-- Opening Marker --

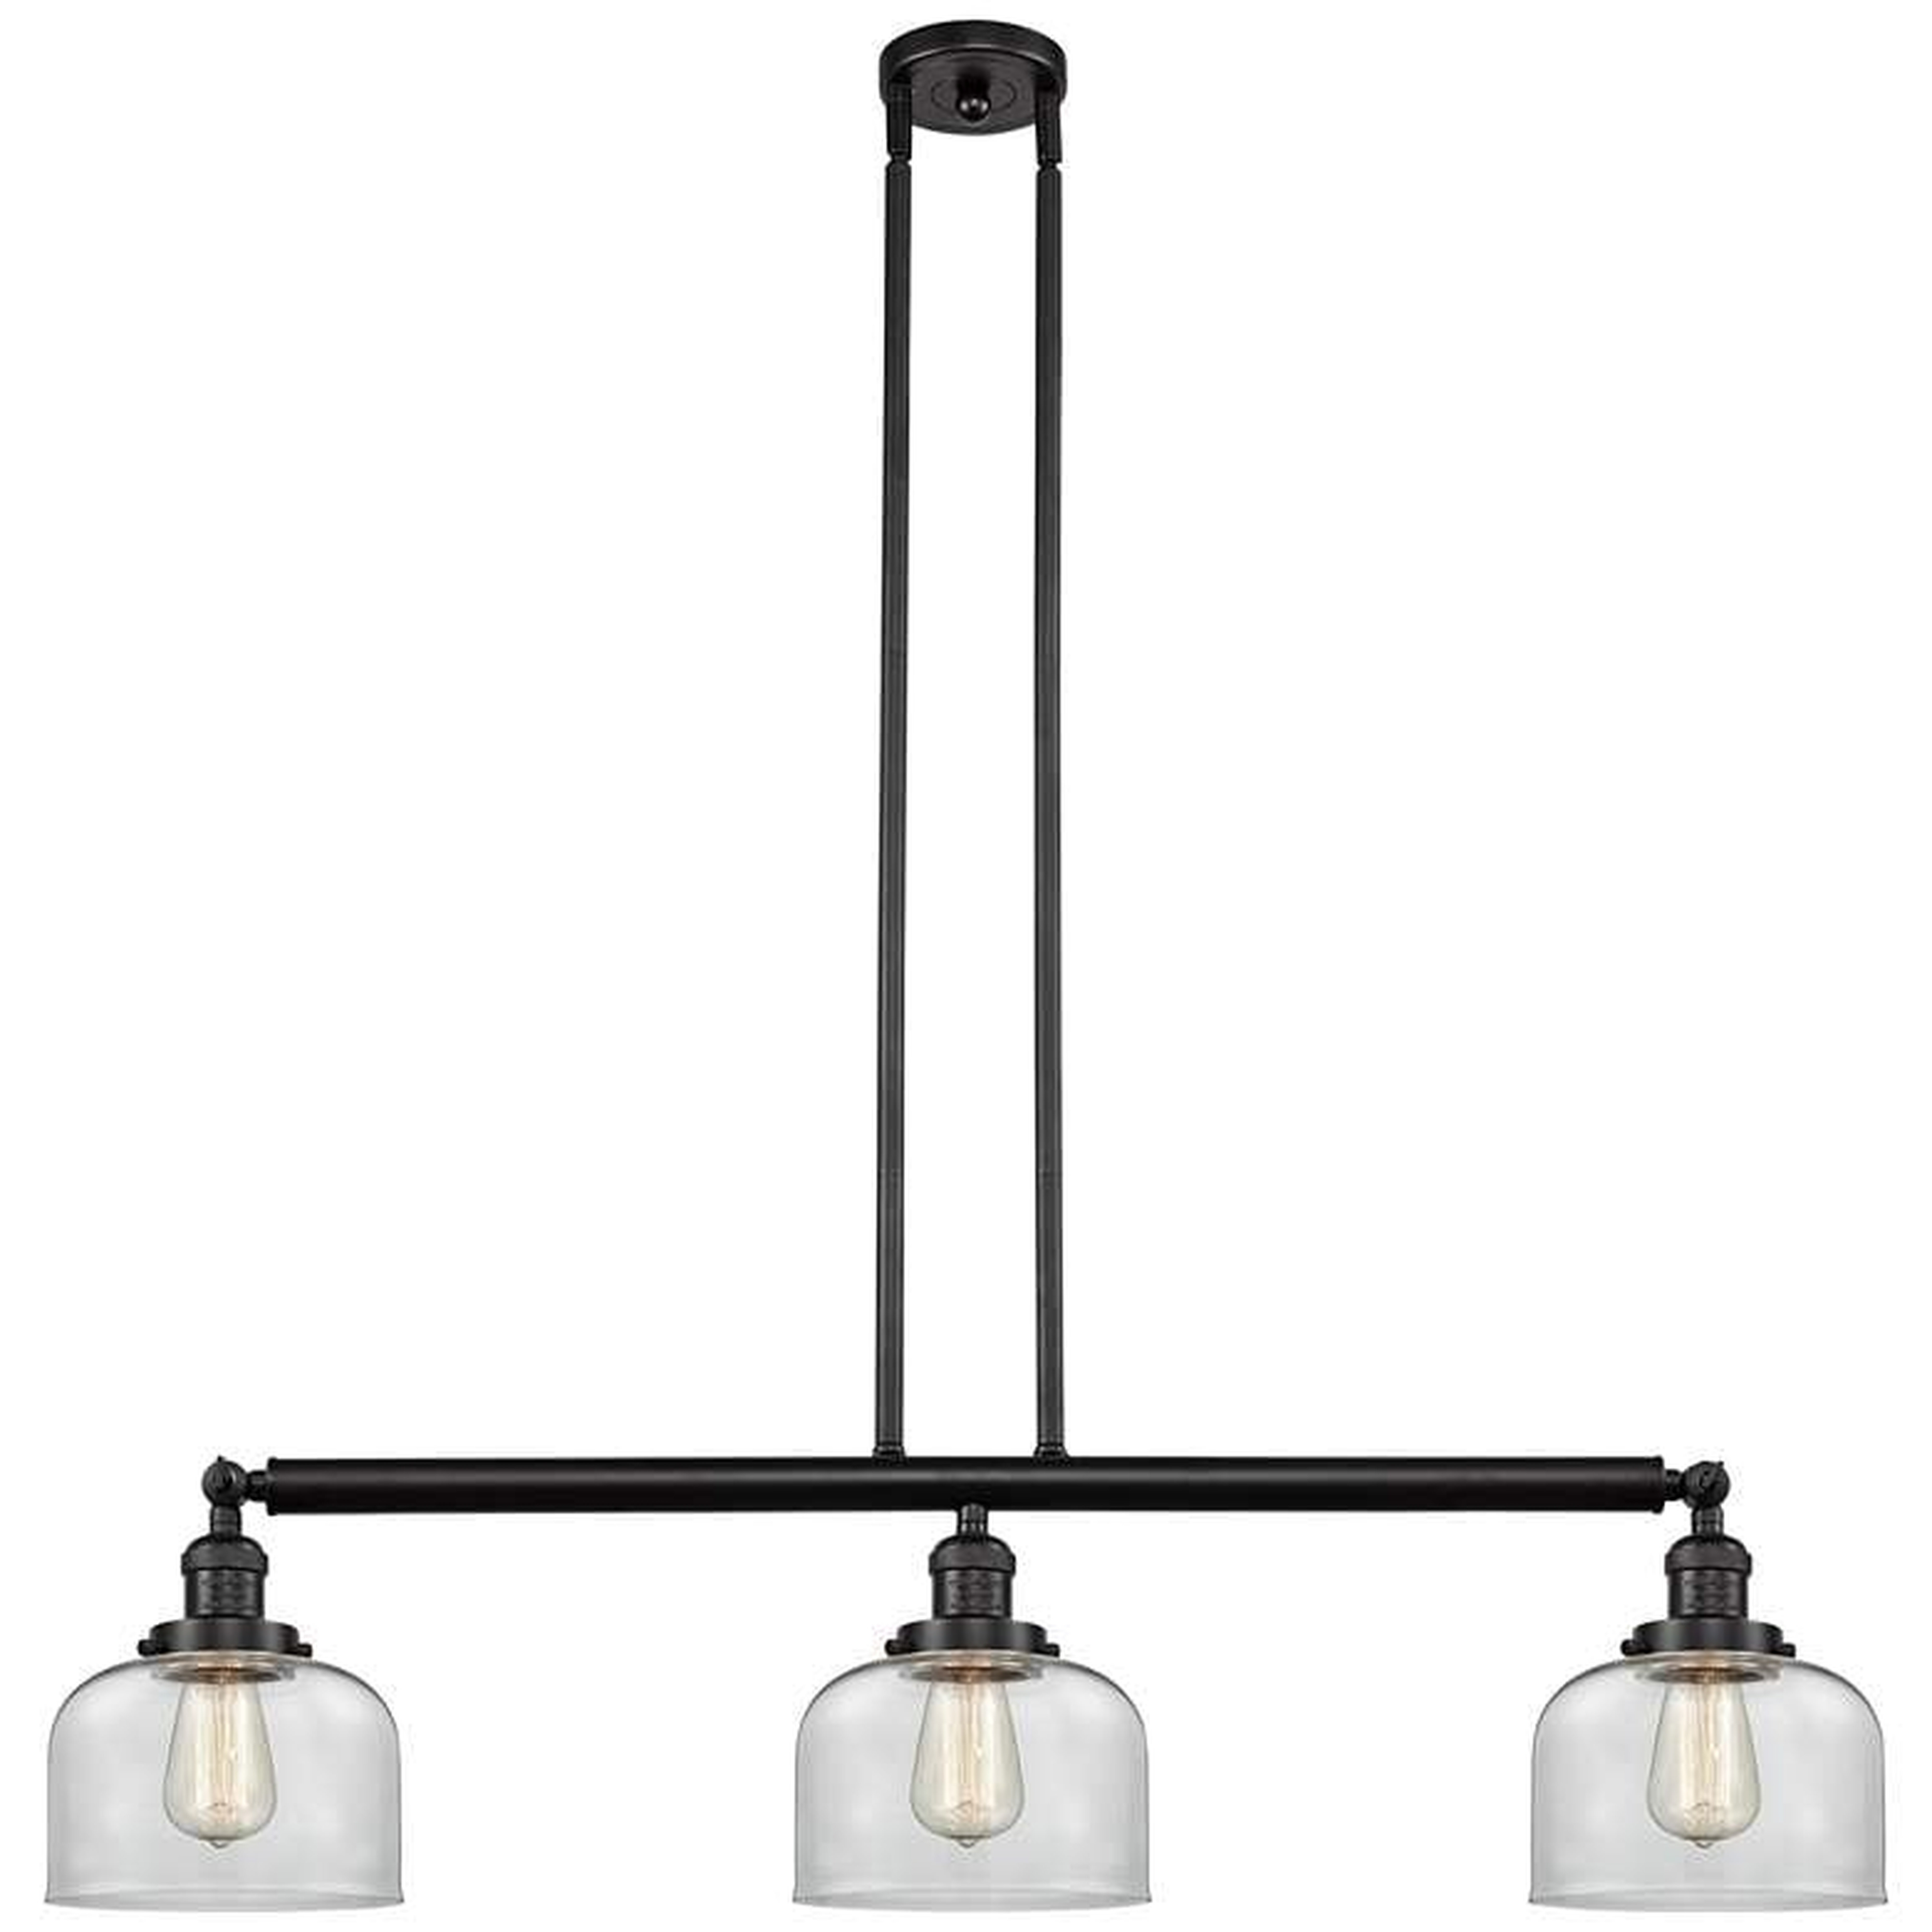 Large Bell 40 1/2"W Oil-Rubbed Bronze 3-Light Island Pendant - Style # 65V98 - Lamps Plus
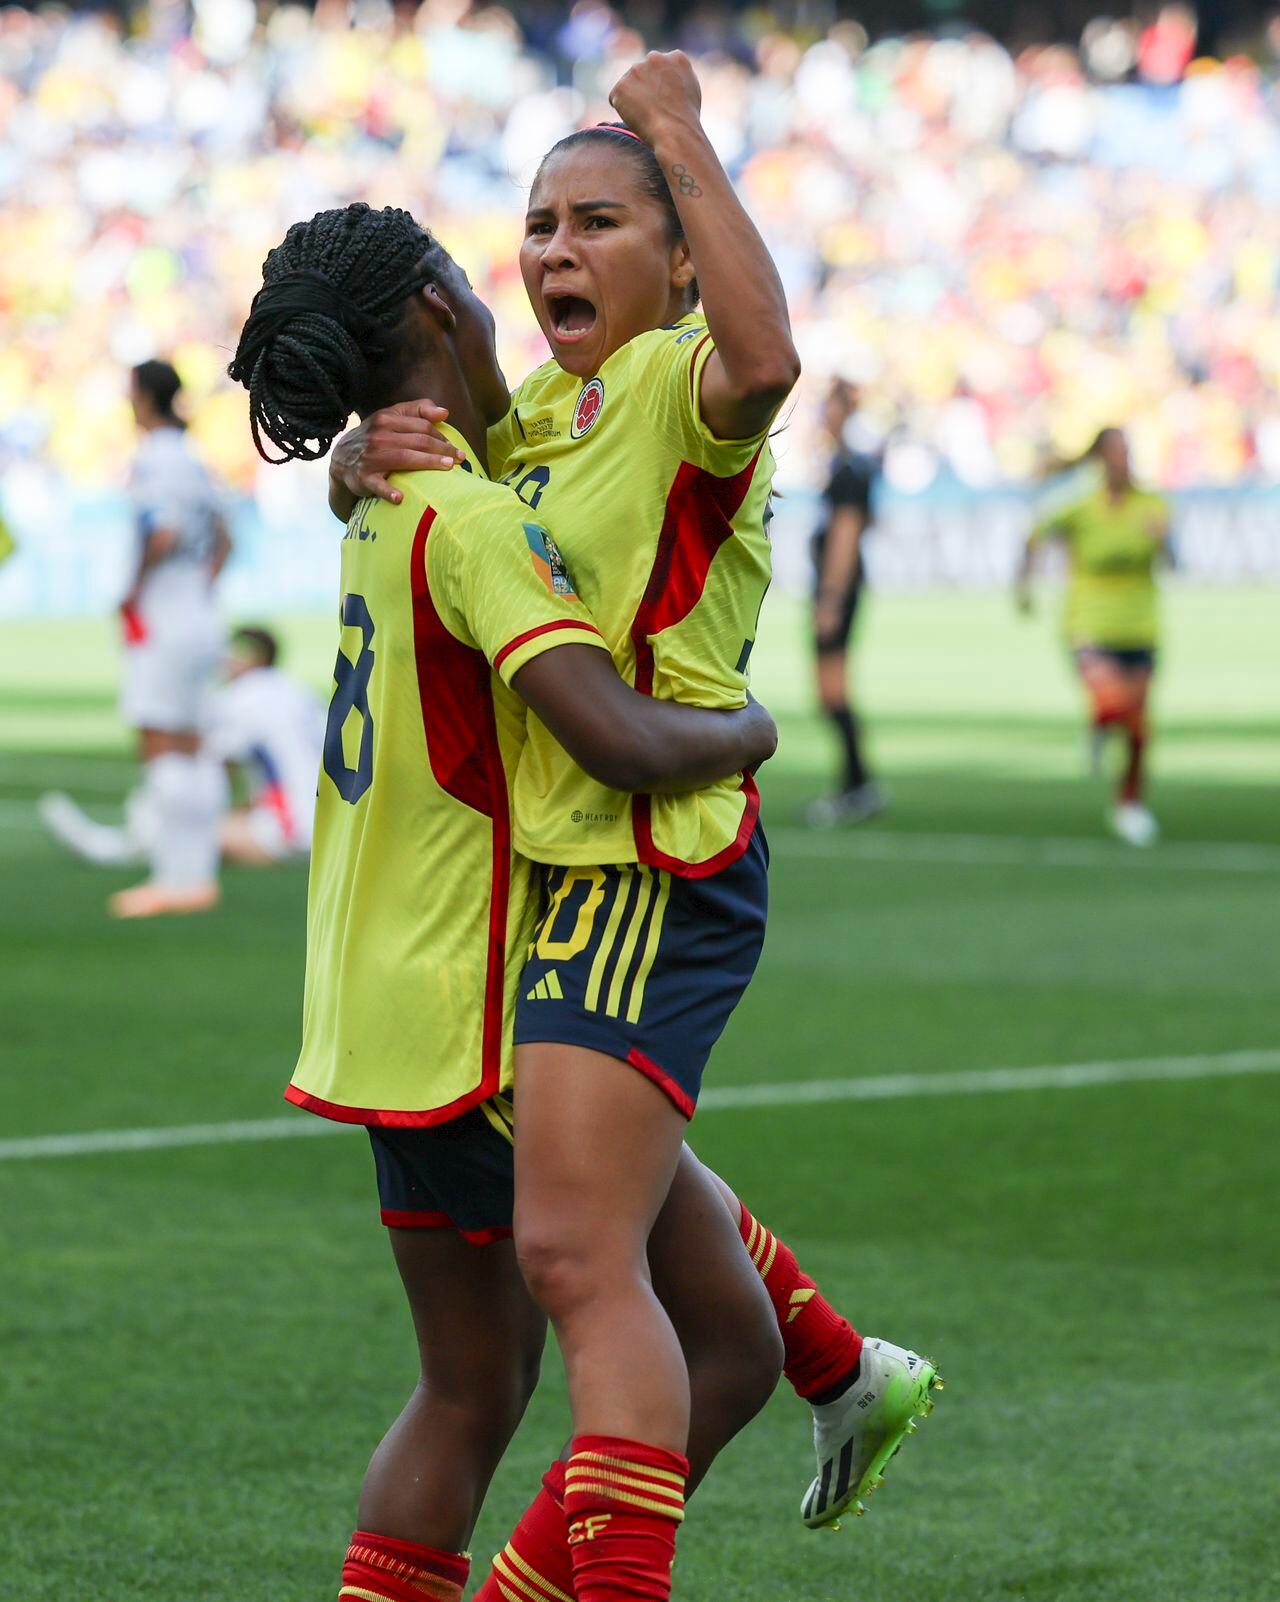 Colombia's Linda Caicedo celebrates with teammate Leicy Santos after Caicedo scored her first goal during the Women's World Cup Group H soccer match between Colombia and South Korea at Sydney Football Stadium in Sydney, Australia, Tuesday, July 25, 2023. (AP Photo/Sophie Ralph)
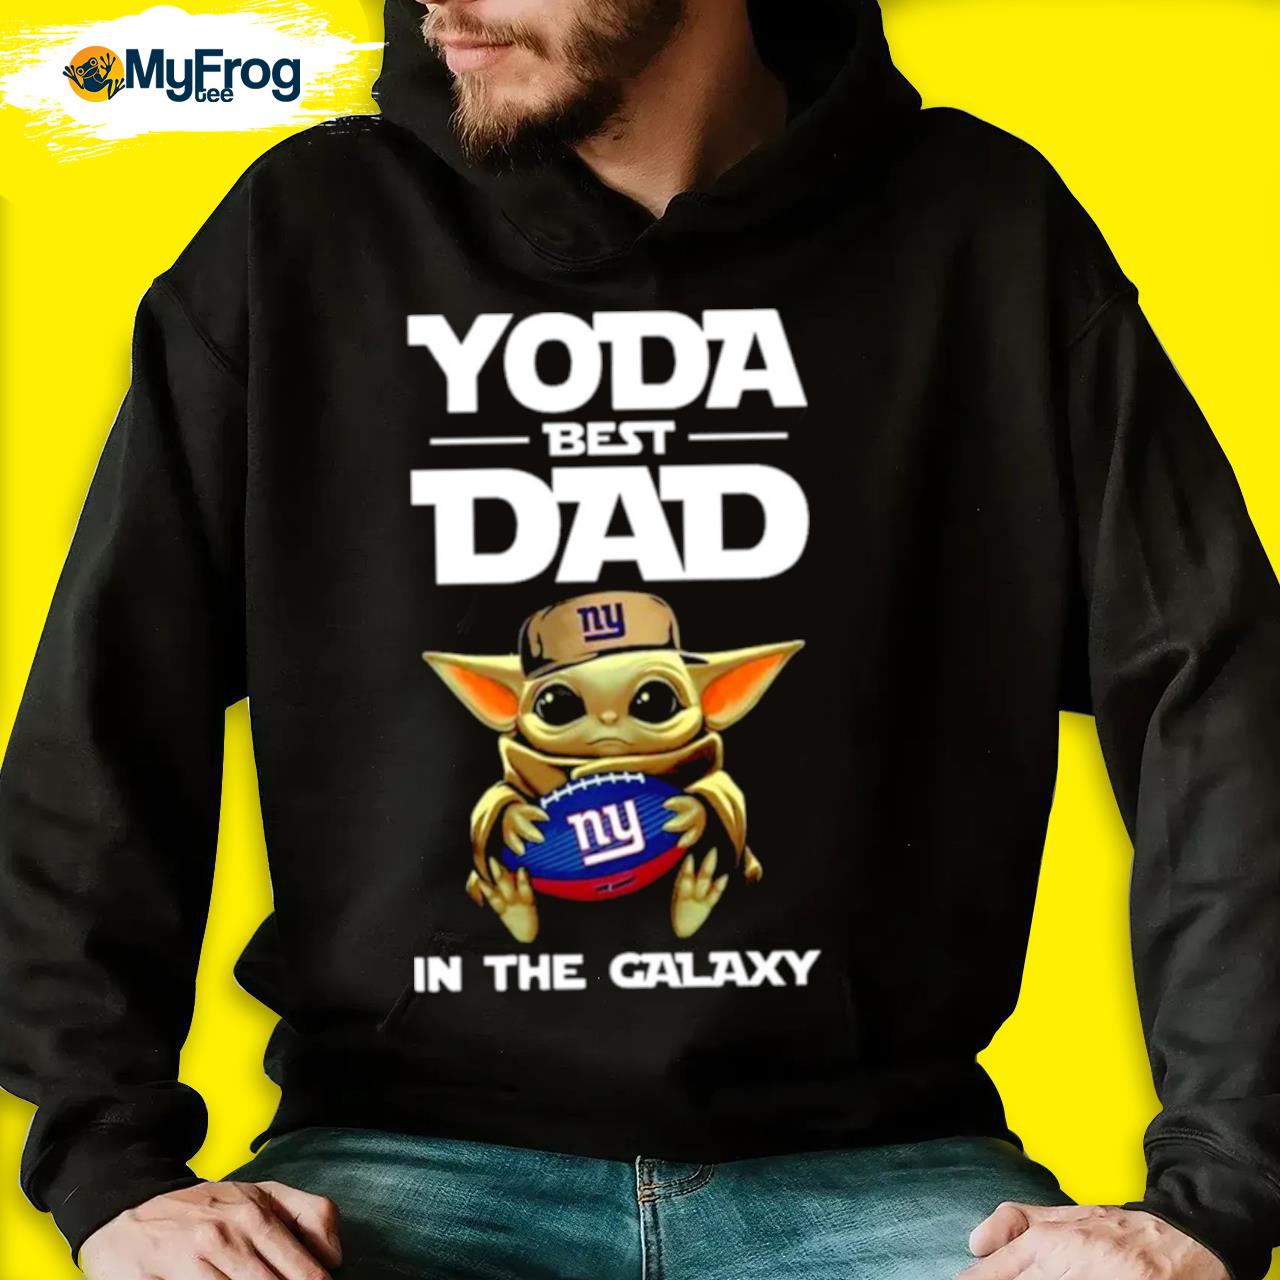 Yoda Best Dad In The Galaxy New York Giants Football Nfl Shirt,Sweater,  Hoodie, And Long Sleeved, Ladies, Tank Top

-- Closing Marker --

What is needed is an exact reproduction of the data, pictures excluded.

### Your response
 Large Bell 40 1/2"W Oil-Rubbed Bronze 3-Light Island Pendant - Style # 65V98 - Lamps Plus
 Colombia's Linda Caicedo celebrates with teammate Leicy Santos after Caicedo scored her first goal during the Women's World Cup Group H soccer match between Colombia and South Korea at Sydney Football Stadium in Sydney, Australia, Tuesday, July 25, 2023. (AP Photo/Sophie Ralph)
 Yoda Best Dad In The Galaxy New York Giants Football Nfl Shirt,Sweater,  Hoodie, And Long Sleeved, Ladies, Tank Top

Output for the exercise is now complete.